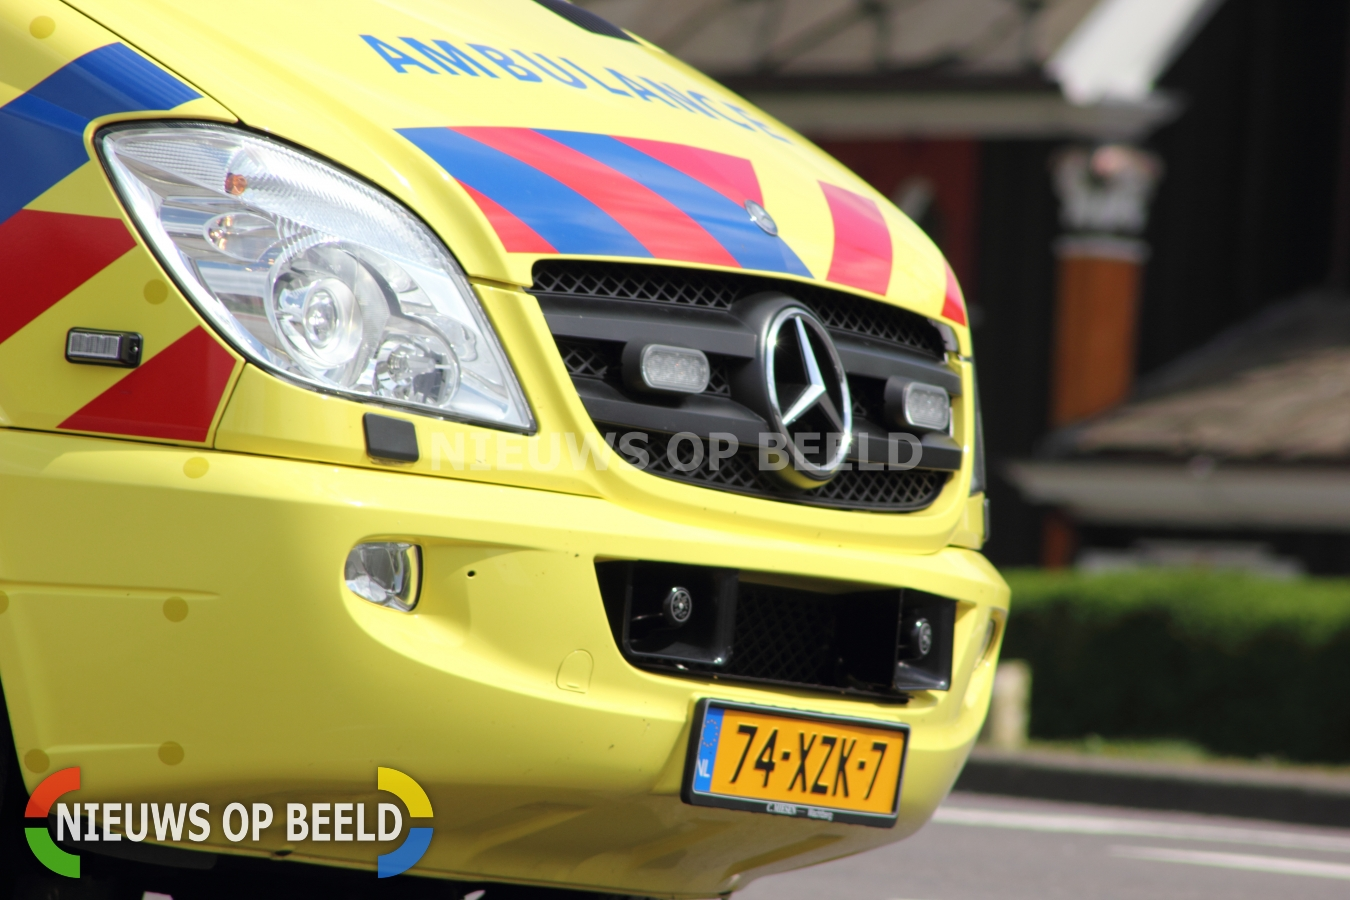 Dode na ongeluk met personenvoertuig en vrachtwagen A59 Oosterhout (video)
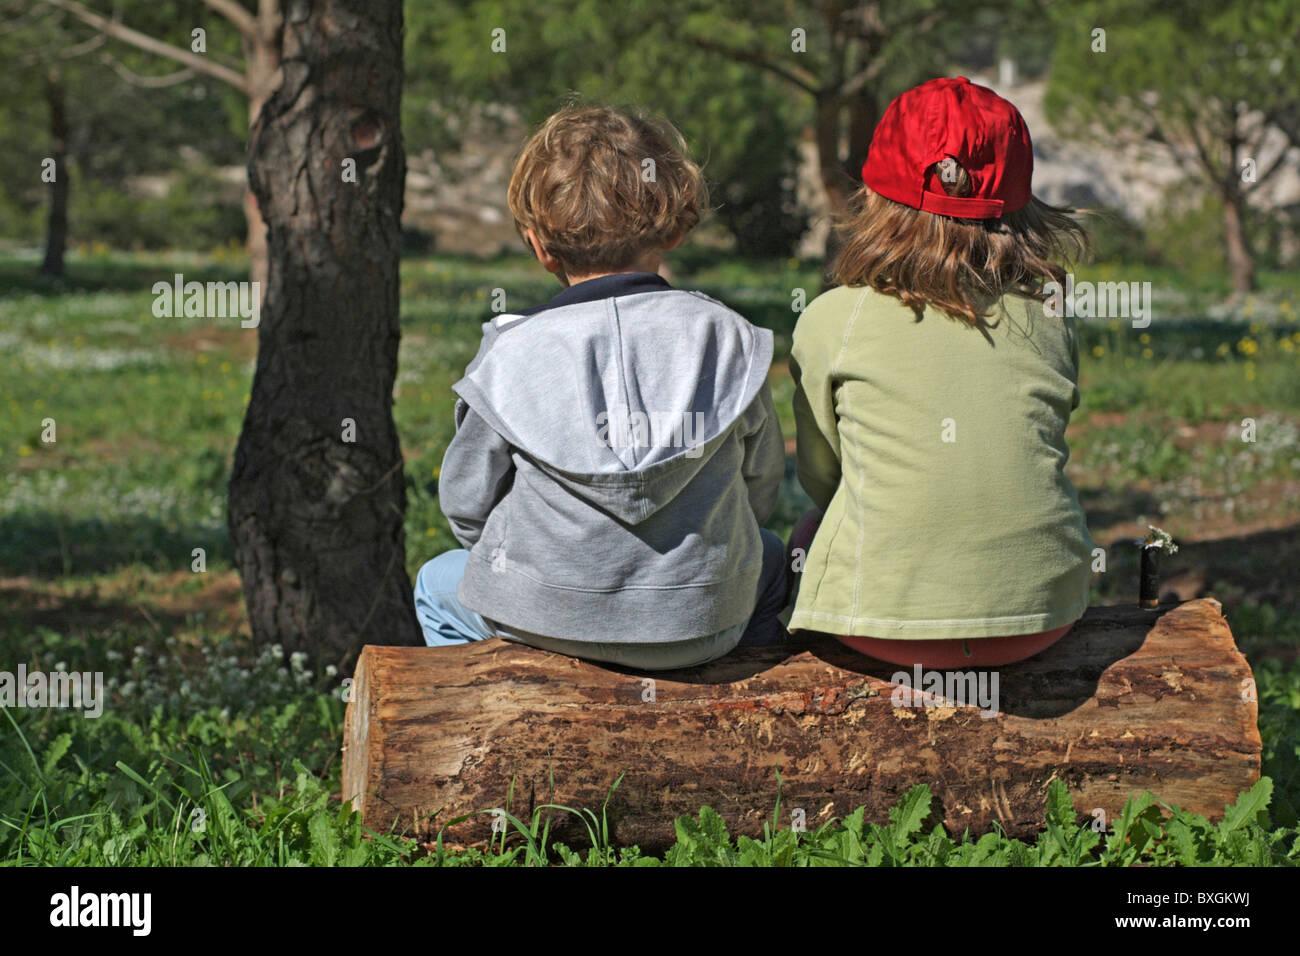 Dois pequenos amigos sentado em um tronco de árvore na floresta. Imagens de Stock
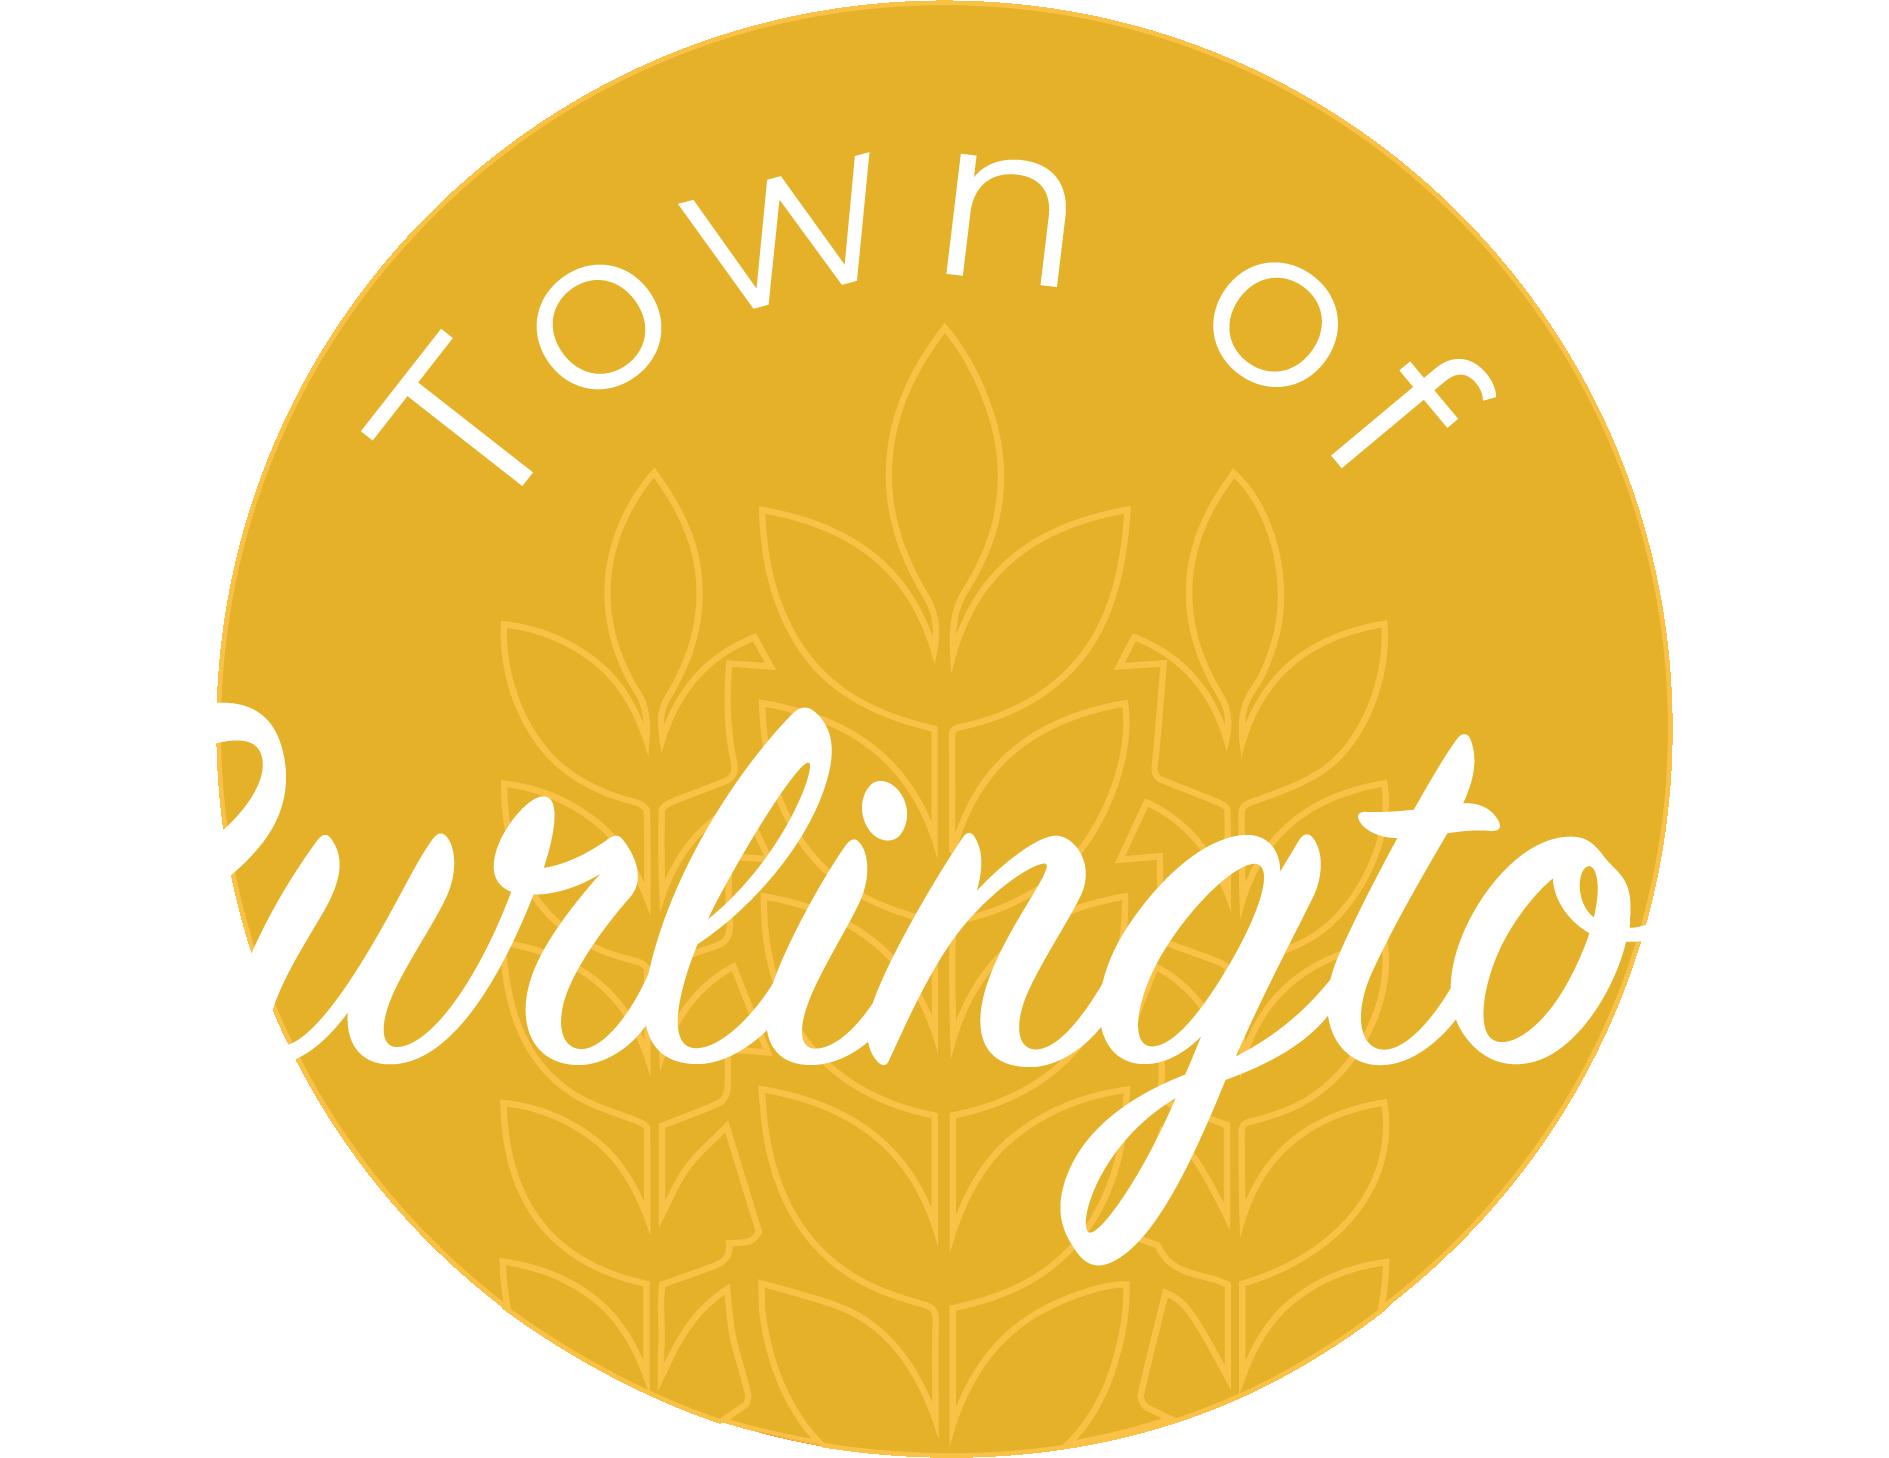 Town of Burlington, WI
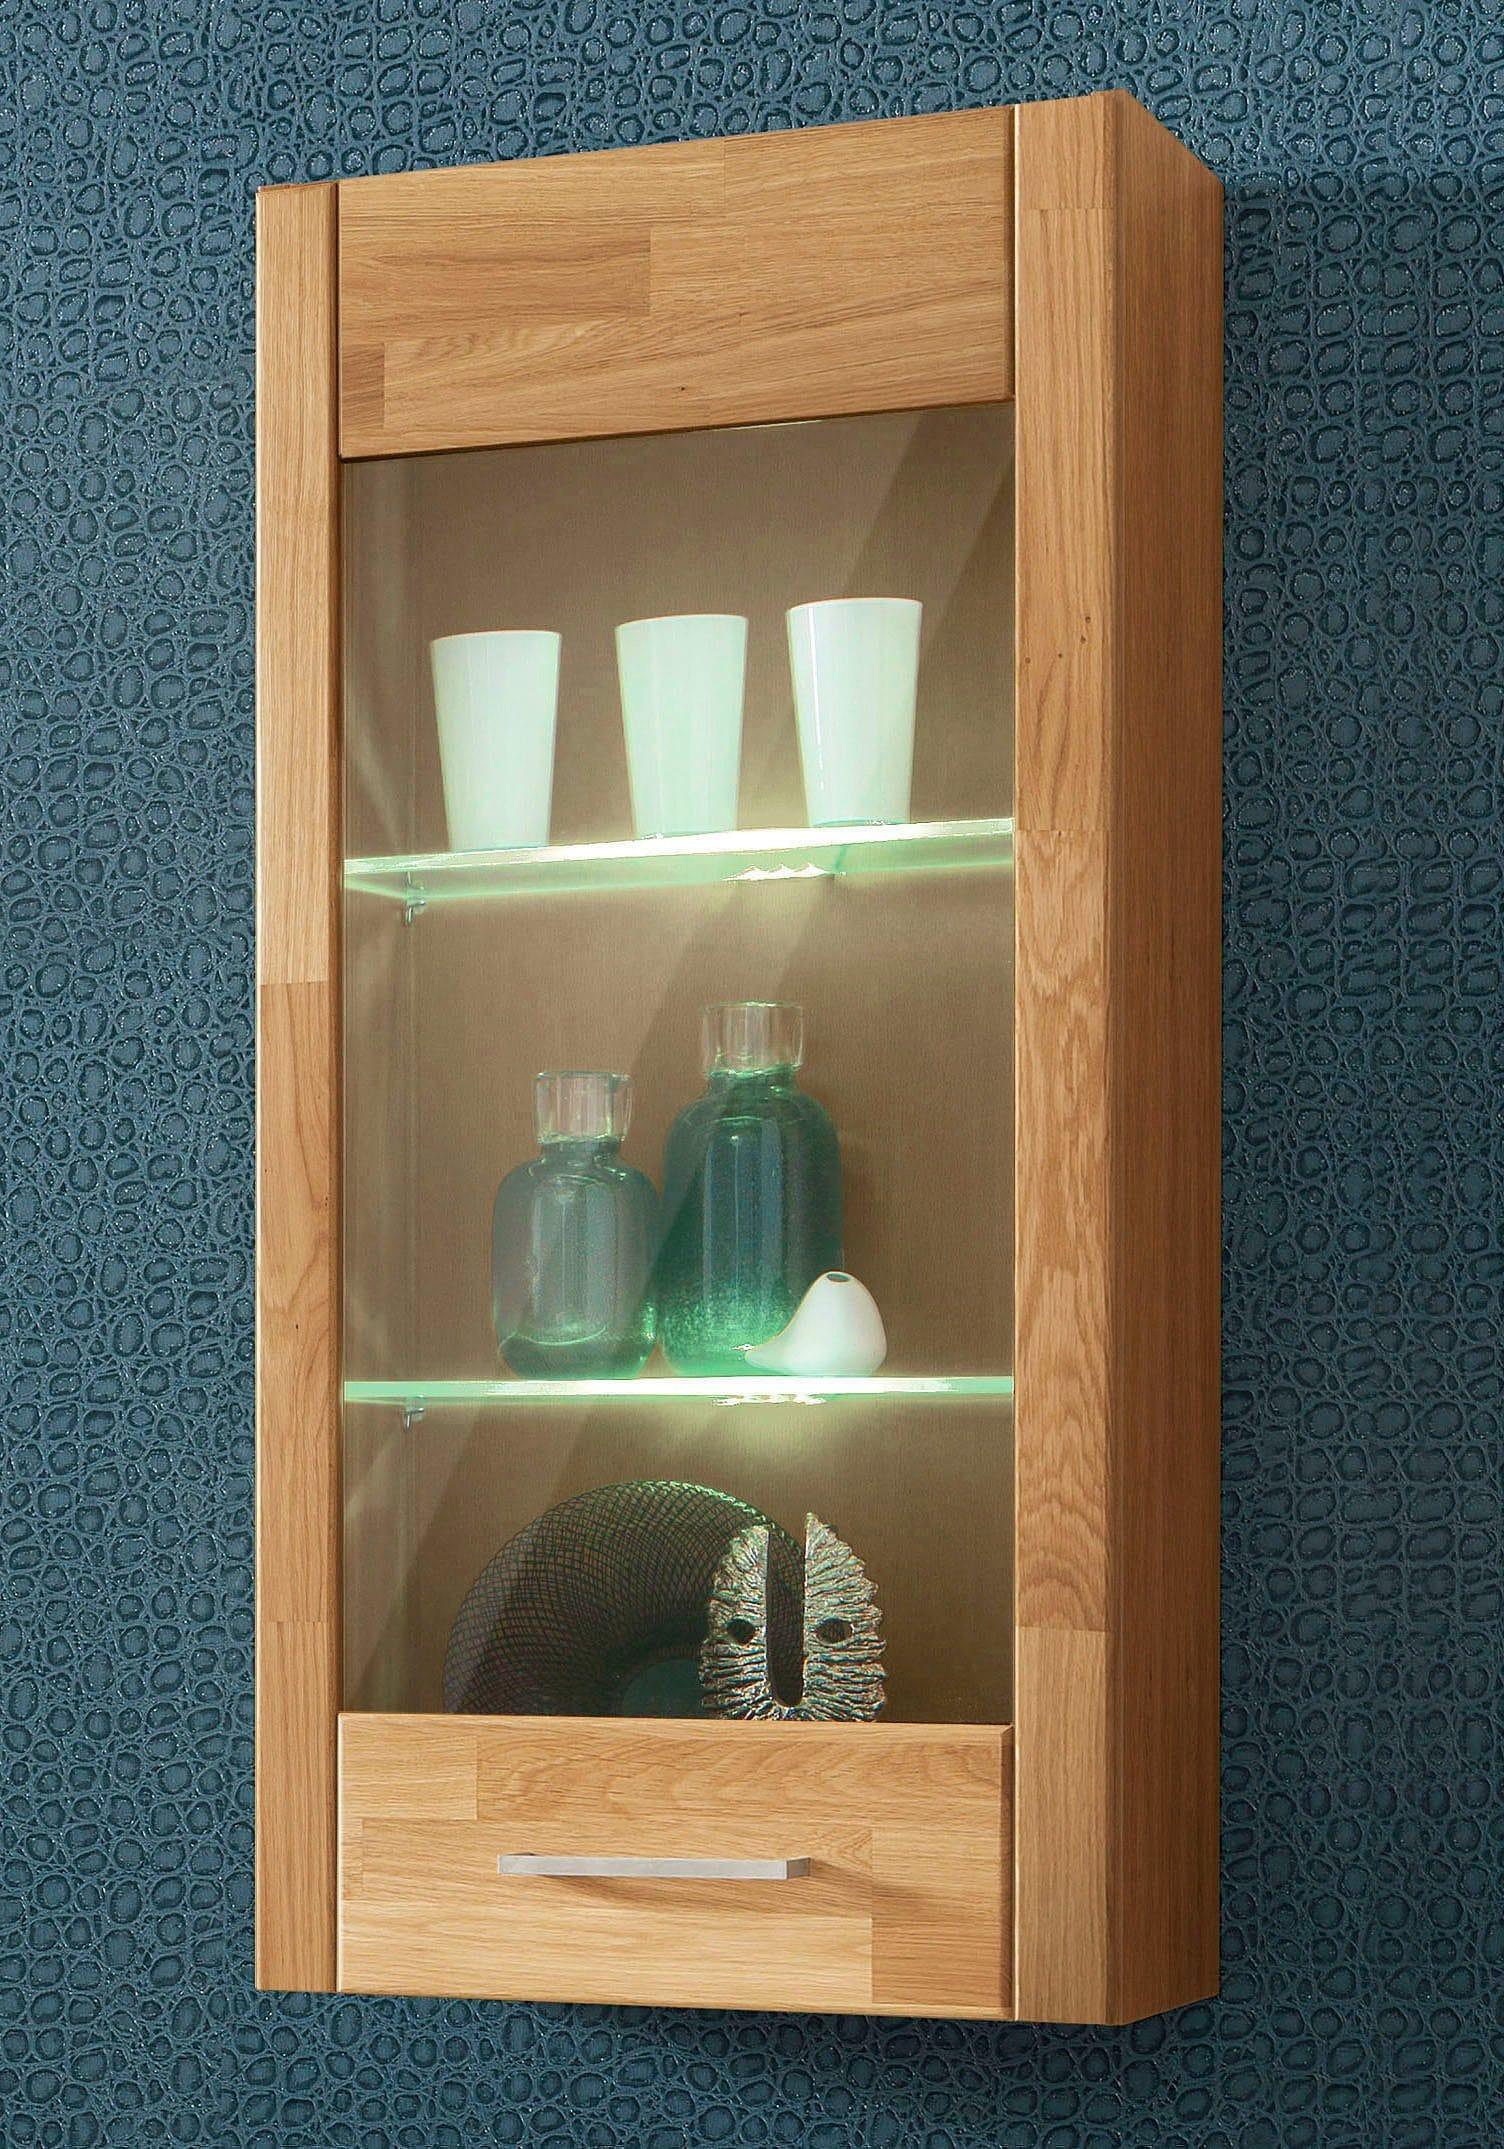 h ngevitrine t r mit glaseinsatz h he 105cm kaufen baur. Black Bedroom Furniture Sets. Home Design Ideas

## Task statement
Please output all of the data exactly as given, omitting any images it holds.

## Answer to the exercise
 Dode na ongeluk met personenvoertuig en vrachtwagen A59 Oosterhout (video)
 Dois pequenos amigos sentado em um tronco de árvore na floresta. Imagens de Stock
 Town of Burlington, WI
 h ngevitrine t r mit glaseinsatz h he 105cm kaufen baur. Black Bedroom Furniture Sets. Home Design Ideas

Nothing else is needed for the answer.